Compression subproperties
Configuring compression for a table.
Using CQL, you can configure compression for a table by constructing a map of the compaction property and the following subproperties:
Compression Subproperties | Default | Description |
---|---|---|
sstable_compression | SnappyCompressor | The compression algorithm to use. Valid values are LZ4Compressor, SnappyCompressor, and DeflateCompressor. See sstable_compressionbelow. |
chunk_length_kb | 64KB | On disk, SSTables are compressed by block to allow random reads. This subproperty of compression defines the size (in KB) of the block. Values larger than the default value might improve the compression rate, but increases the minimum size of data to be read from disk when a read occurs. The default value is a good middle-ground for compressing tables. Adjust compression size to account for read/write access patterns (how much data is typically requested at once) and the average size of rows in the table. |
crc_check_chance | 1.0 | When compression is enabled, each compressed block includes a checksum of that block for the purpose of detecting disk bitrot and avoiding the propagation of corruption to other replica.

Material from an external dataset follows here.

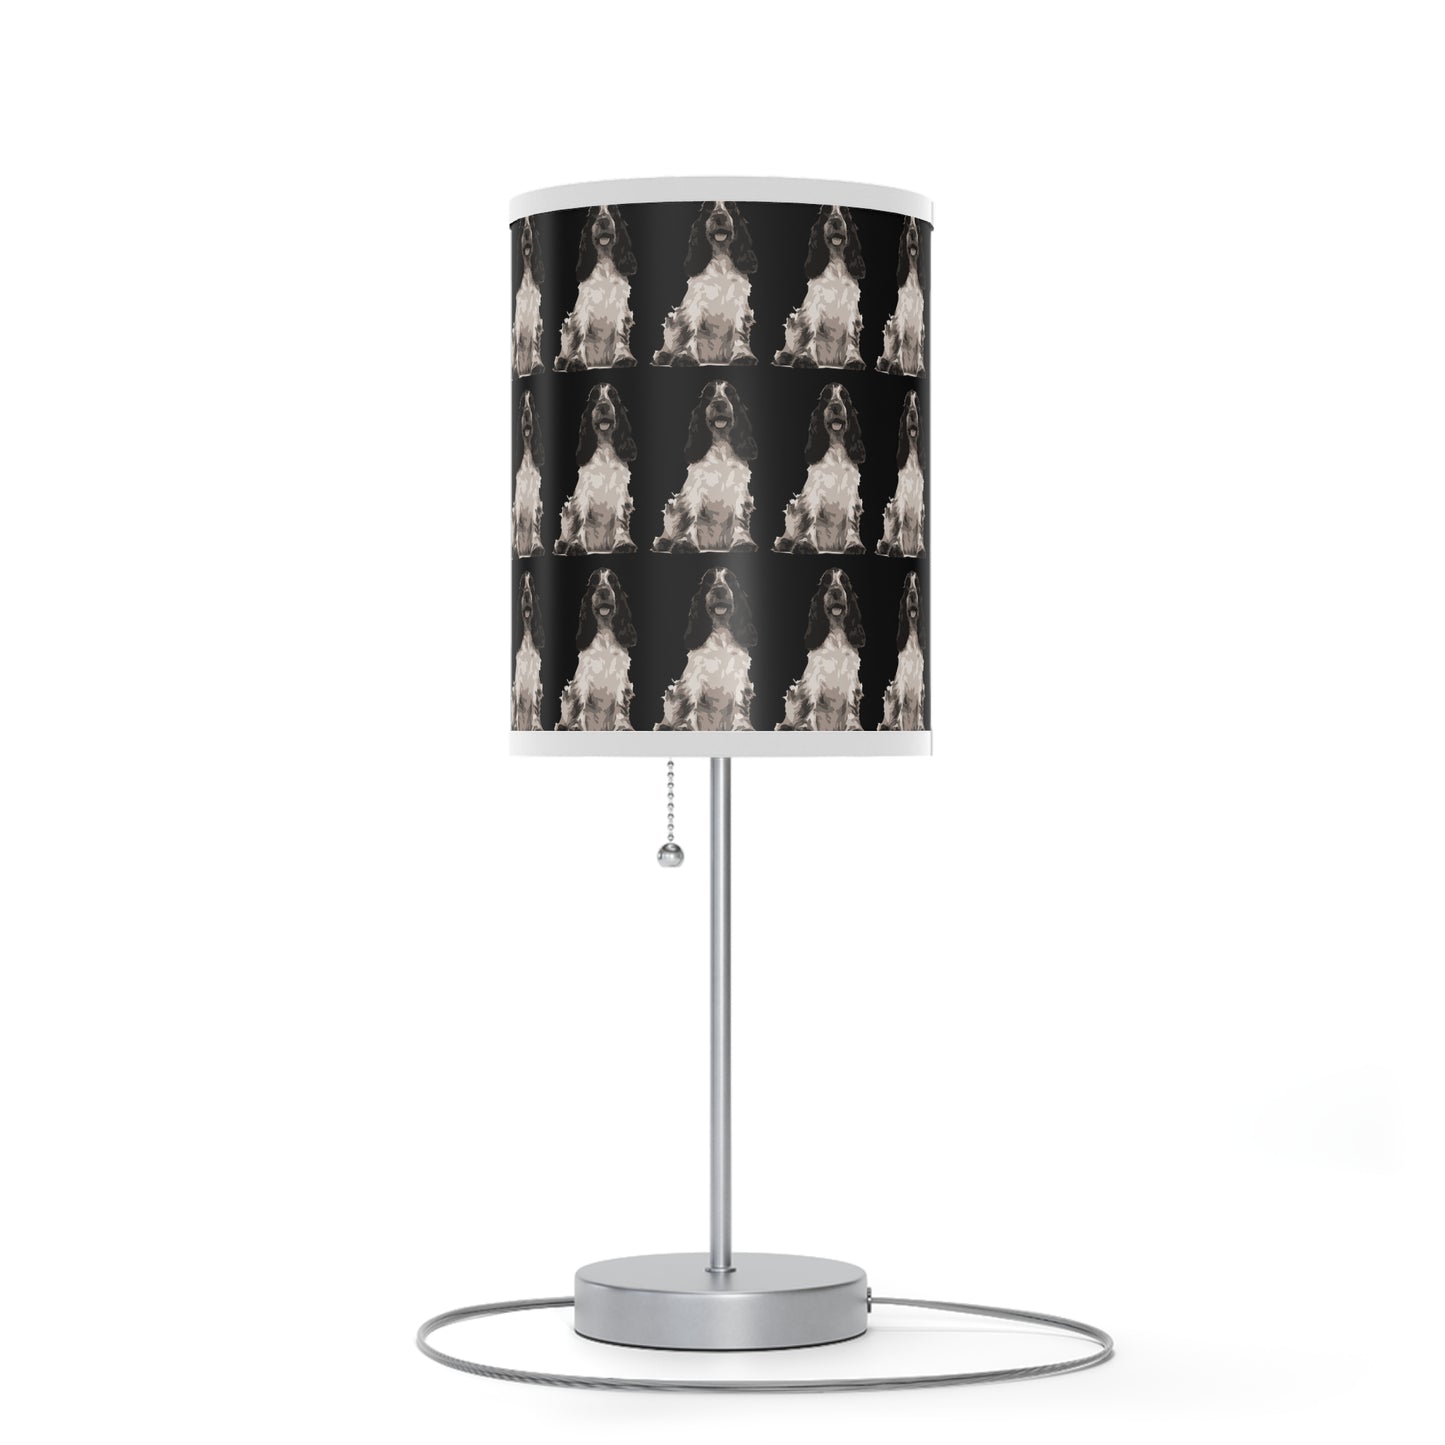 English cocker spaniel - Lamp on a Stand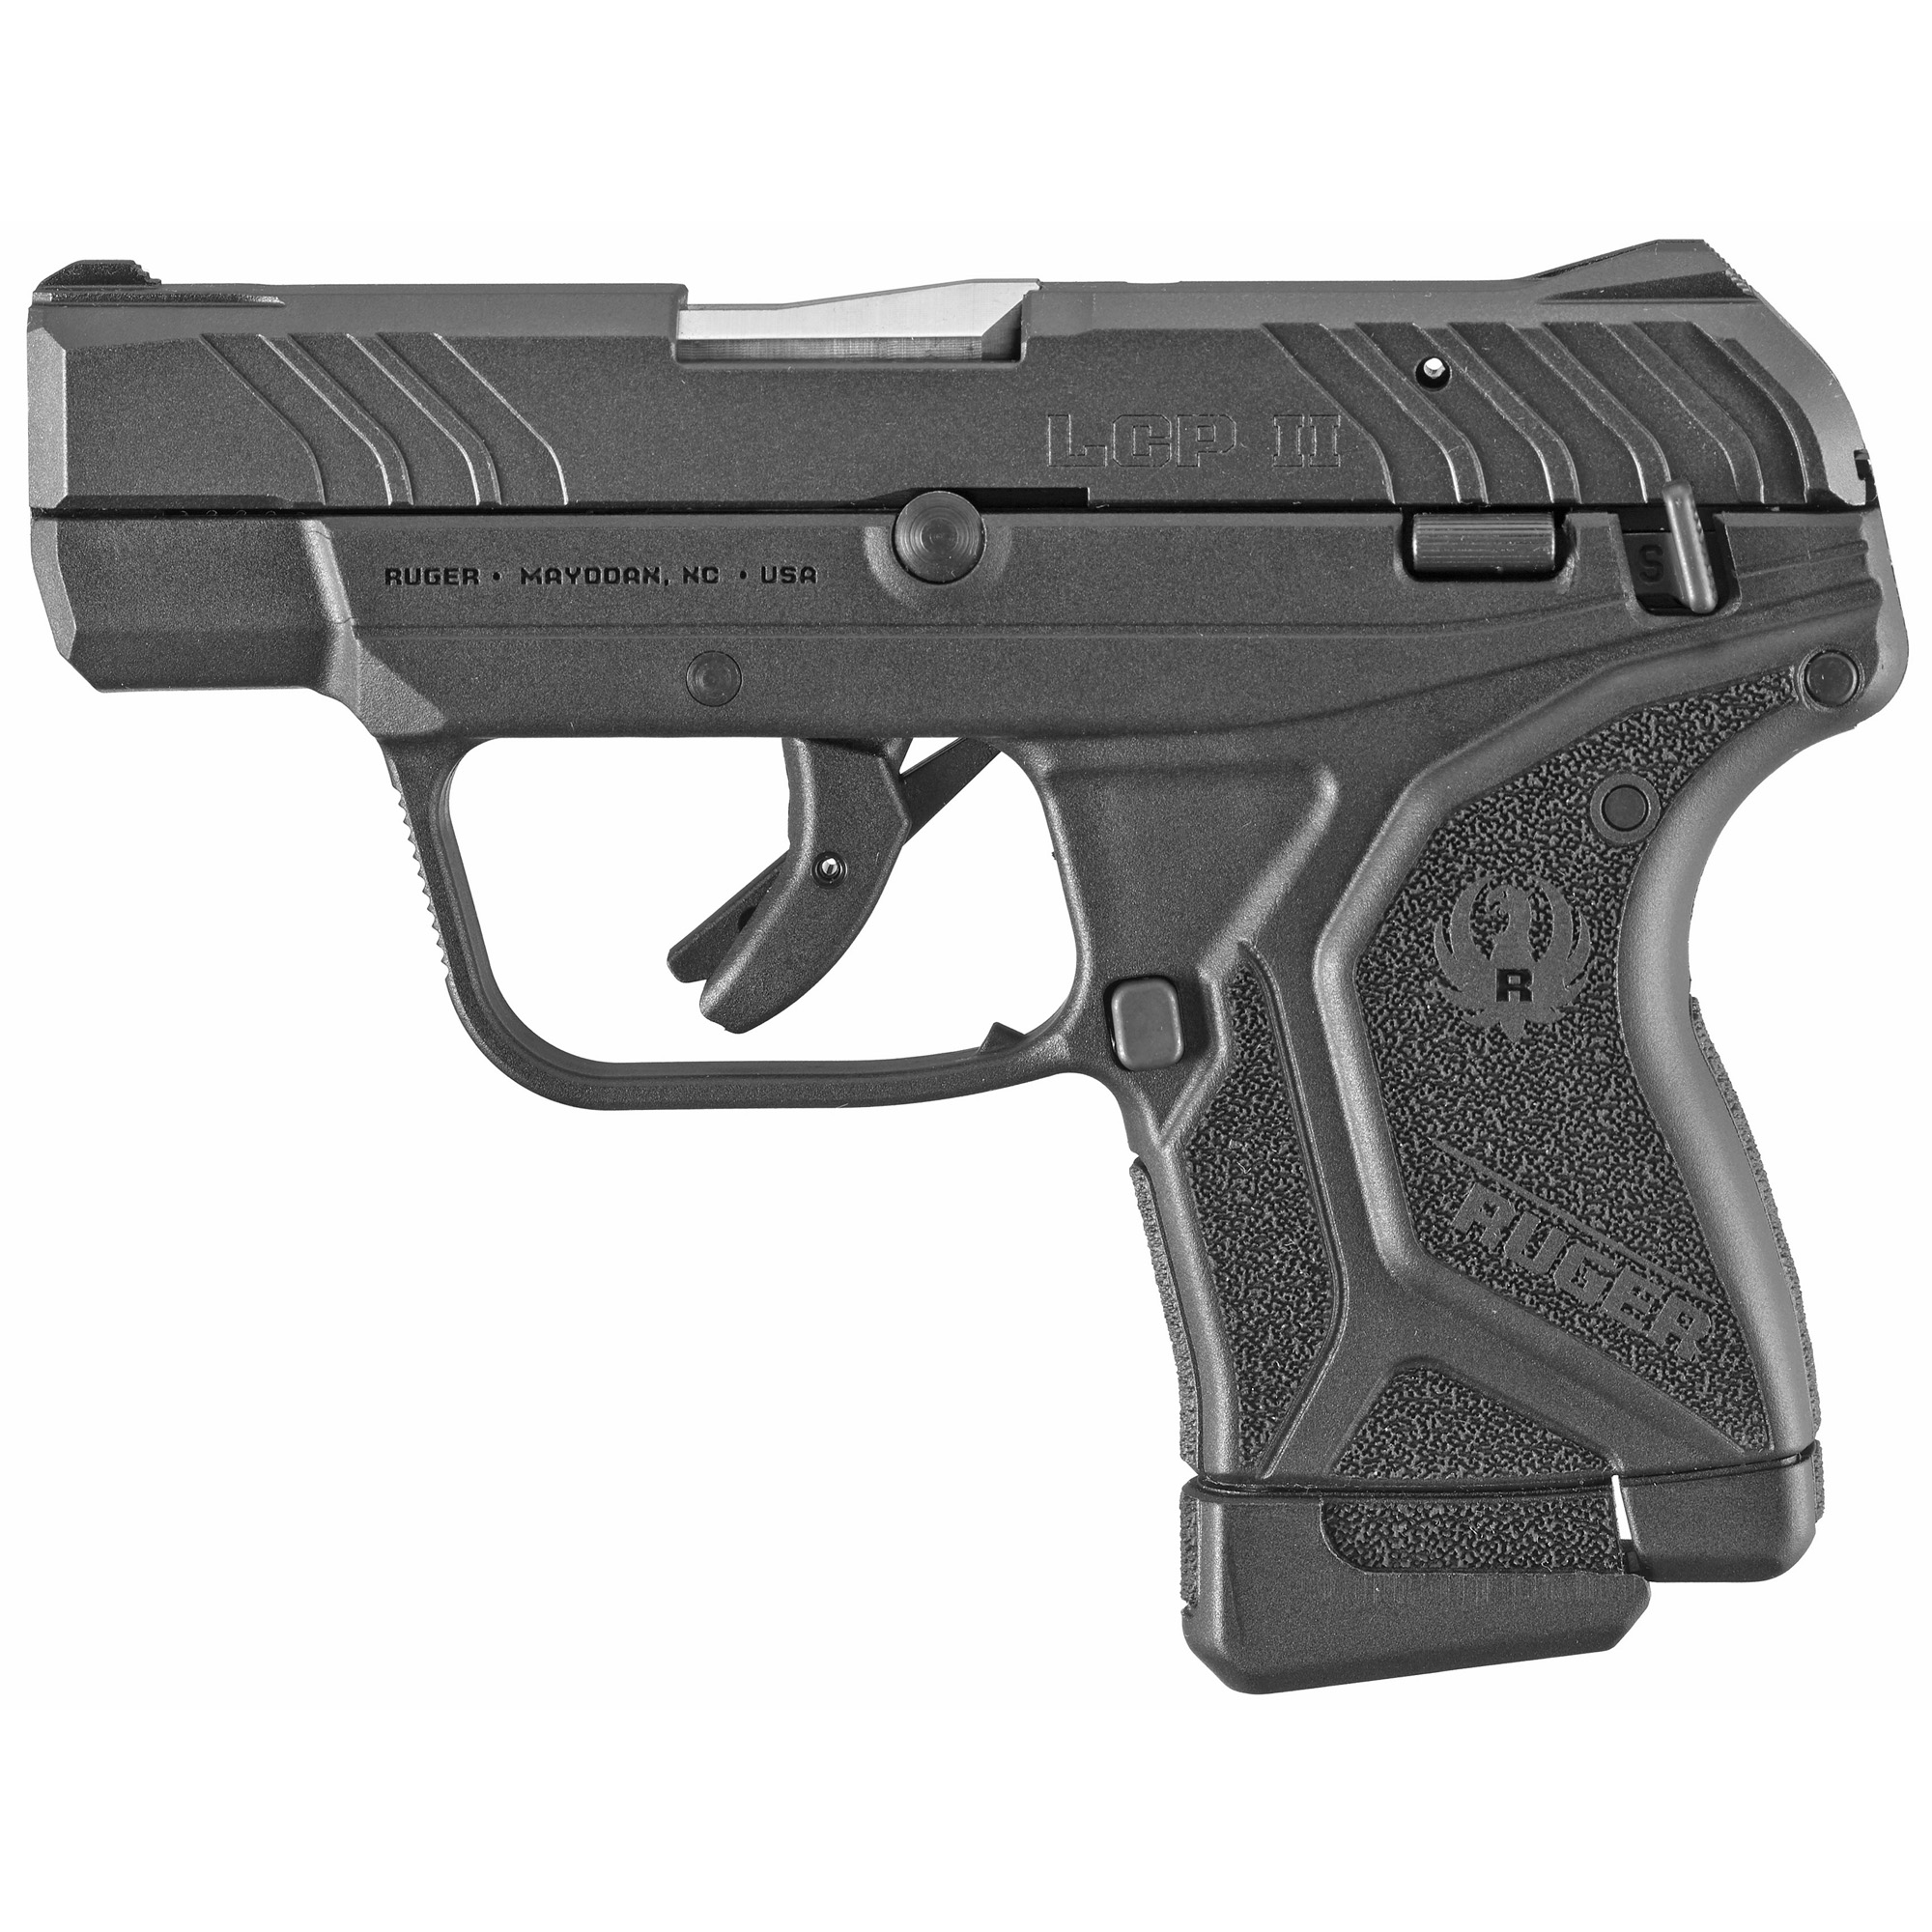 Ruger, LCP II, Double Action Only, Semi-automatic, Polymer Frame Pistol, Sub-Compact, 22LR, 2.75" Barrel, Stainless Steel Barrel, Black Oxide Finish, Black, Integral Fixed Sights, Manual Safety, 10 Rounds, 1 Magazine, Right Hand

This option defines the probability with which those checksums are checked during read. By default they are always checked. Set to 0 to disable checksum checking and to 0.5, for instance, to check them on every other read. |
sstable_compression
The compression algorithm to use. Valid values are LZ4Compressor
SnappyCompressor, and DeflateCompressor. Use an empty
string ('') to disable
compression:
ALTER TABLE mytable WITH COMPRESSION = {'sstable_compression': ''};
Choosing
the right compressor depends on your requirements for space savings over read performance. LZ4
is fastest to decompress, followed by Snappy, then by Deflate. Compression effectiveness is
inversely correlated with decompression speed. The extra compression from Deflate or Snappy is
not enough to make up for the decreased performance for general-purpose workloads, but for
archival data they may be worth considering. Developers can also implement custom compression
classes using the org.apache.cassandra.io.compress.ICompressor interface.
Specify the full class name as a "string constant".